Не люблю опаздывать, и в 18:00 уже кручу ручку механического звонка в середине двери. Мне открывает Лида и с порога сообщает:
— А папы еще нет. — И затем, словно спохватившись, — Здравствуй! Проходи в комнаты. Хочешь чаю?
— Пока не надо. Подожду твоего отца.
Однако проходит пять минут, десять, пятнадцать... Лагутина все еще нет. Лида с сожалением замечает:
— Совсем он замотался у себя в Коминтерне. Вот и прошлую ночь дома не ночевал.
Наконец по прошествии двадцати пяти минут хозяин квартиры все же появляется в дверях.
— Привет, Лидуся, — обнимает он дочку. — Есть хочу зверски. — И, уже обращаясь к нам обоим: — Давайте поднимемся в столовую, я хоть пообедаю по-человечески.
Мы не возражаем — и всей компанией направляемся к большому лифту в одном из углов П-образного коридора. Доехав до девятого этажа, выходим и по лестнице поднимаемся на десятый этаж, где частью в помещении, частью под открытым небом среди большущих кадок с зелеными растениями располагаются столики моссельпромовской столовой — преемницы кафе 'Крыша', ненадолго открывшегося здесь в 1916 году. Кормили здесь прилично и недорого. Новостью для меня оказалось то, что в этой столовой заодно крутили кино. А еще на этой же крыше по соседству со столовой была устроена спортивная площадка. В общем, сервис для жильцов 4 го дома Моссовета был устроен очень даже неплохой.

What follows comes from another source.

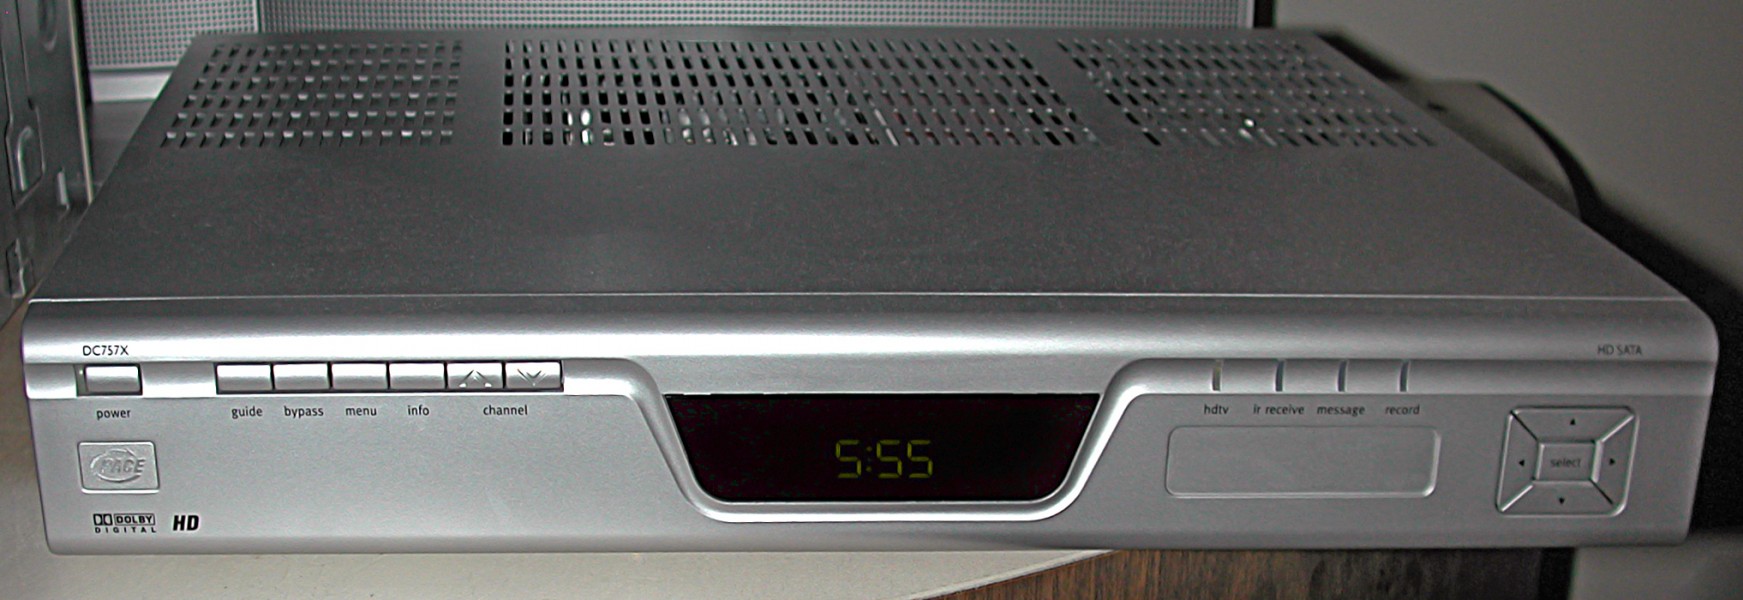 Pace DC757X cable box mod

Еще не расправившись со вторым блюдом, Михаил Евграфович начал вполголоса посвящать меня в происходившее на конгрессе. Его рассказ о выступлении Зиновьева сразу внес ясность: тезис о 'социал-фашизме' все-таки прозвучал, хотя сам термин в официальные документы V Всемирного конгресса Коминтерна не вошел.
— Зиновьев говорил с такой запальчивостью, как будто социал-демократы регулярно обливают ему дверь помоями, — говорил отец Лиды, прихлебывая компот из граненого стакана. — По его мнению, социал-демократия превращается объективно в крыло фашизма. Что же касается тактики Единого рабочего фронта, которая была принята как официальная линия Коминтерна на предыдущем конгрессе, то Зиновьев стал всячески ее принижать. Как он заявил, эта тактика имеет лишь пропагандистское значение, как средство разоблачения предательства вождей социал-демократии, но ни в коем случае не как путь к образованию органов революционной власти.
Михаил Евграфович тяжело вздохнул и продолжил риторическим возгласом:
— Ну неужели сам Председатель Исполкома Коминтерна настолько далек от понимания реальной ситуации, что не видит — революционный подъем схлынул, и Европа не стоит на пороге революции? — Он еще раз вздохнул и добавил: — Да если бы так вел себя один Зиновьев! Только Радек что-то пытался возражать с позиций здравого смысла. Многие ожидали, что свою особую линию будет отстаивать Троцкий, но тот в прямую полемику с Зиновьевым вступать не стал. Правда, в своей речи он акценты расставлял иначе и, в отличие от Зиновьева, как раз напирал на плодотворность тактики Единого рабочего фронта.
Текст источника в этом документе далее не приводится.